Here is the attack running in the Gremlin web app:
Now if we refresh the page, we see an Internal Server Error message caused by a connection timeout in CartService. This tells us that Redis is part of our critical path, and that any Redis outage will result in this full-page error message being shown to customers. This isn’t just bad customer experience, it’s a security risk.
Since we met our abort conditions, let’s stop the test by clicking the “Halt” button in the Gremlin web app. We’ll record our observations in the text box. After a few seconds, the attack will abort and network traffic will return to normal.
We can take these insights back to engineering and start implementing solutions. First, we should display a more user-friendly message to users while recording important diagnostic data to our logging solution. We should also look into ways of making Redis more reliable, perhaps by scaling up our deployment and replicating the database across multiple nodes or even multiple data centers. This will reduce the risk of a sudden outage and lower our chances of being woken up at 3 a.m.

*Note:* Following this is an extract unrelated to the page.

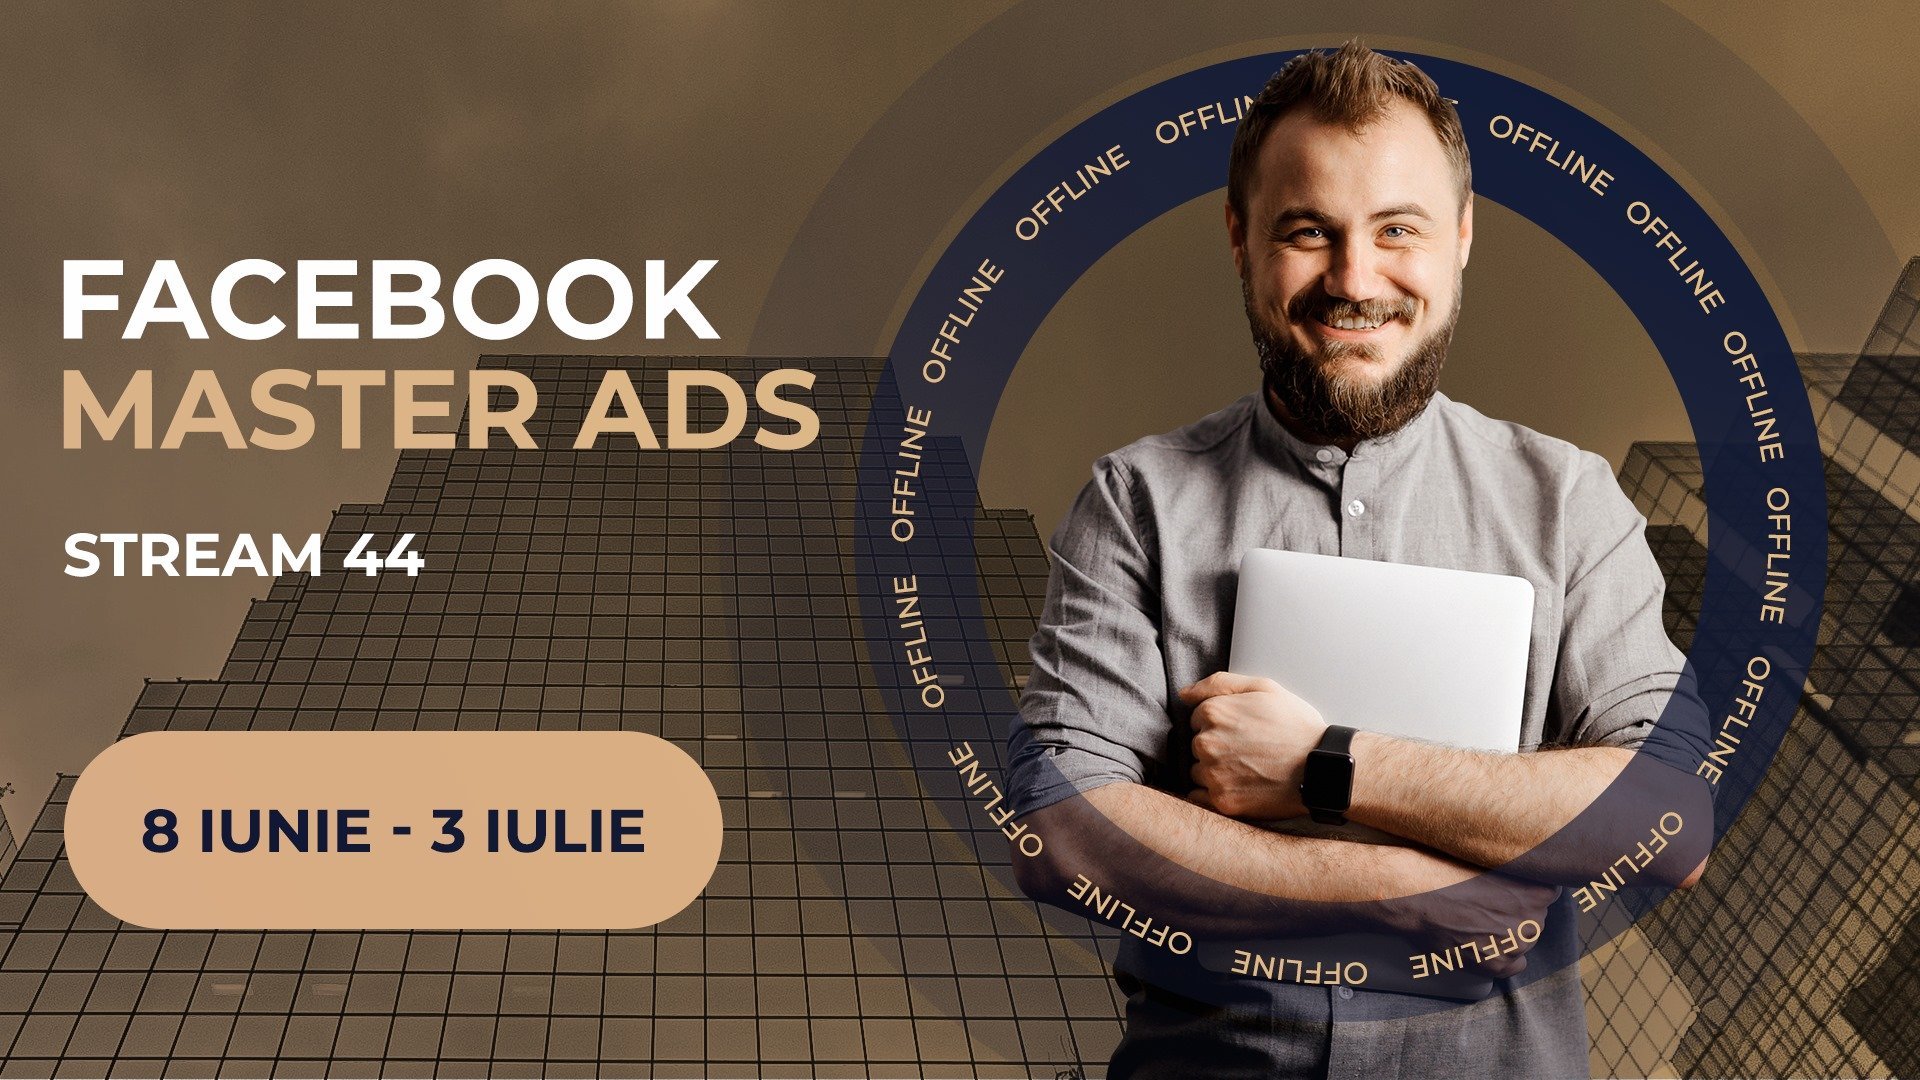 Curs setare reclame | Facebook Master Ads offline / Stream 44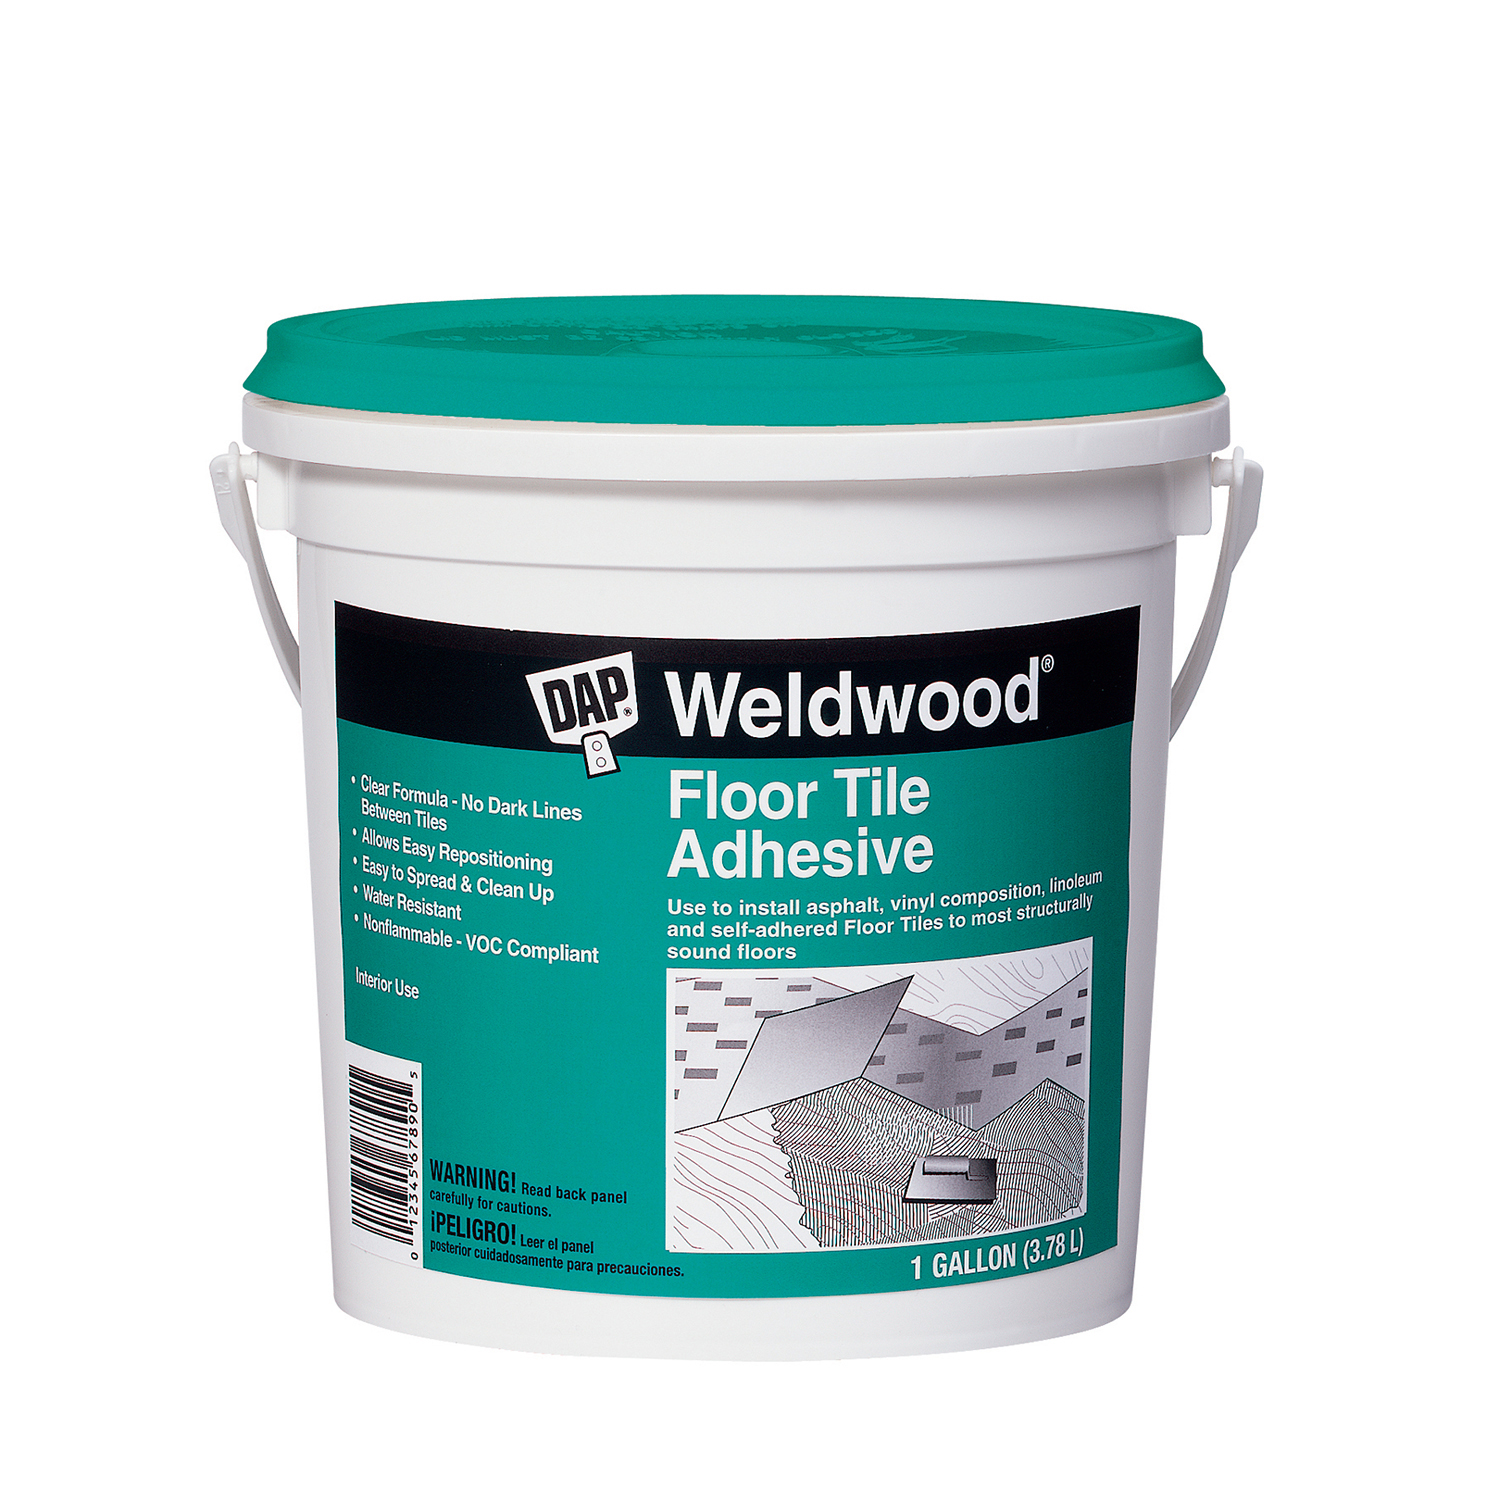 Weldwood Floor Tile Adhesive Dap S, What Glue To Use For Vinyl Floor Tiles

Having perfectly reliable applications is the goal of any engineering team, but the reality is reliability is an incremental process. We can’t solve all of our reliability problems at once, but we can start by building resilience in the systems that the business depends on. This includes hidden and transitive dependencies that we might not normally consider, as we saw with CartService and Redis.
By focusing our reliability efforts on our critical path, we can reduce the risk of outages taking down our core operations, while also creating a solid foundation for the rest of our application.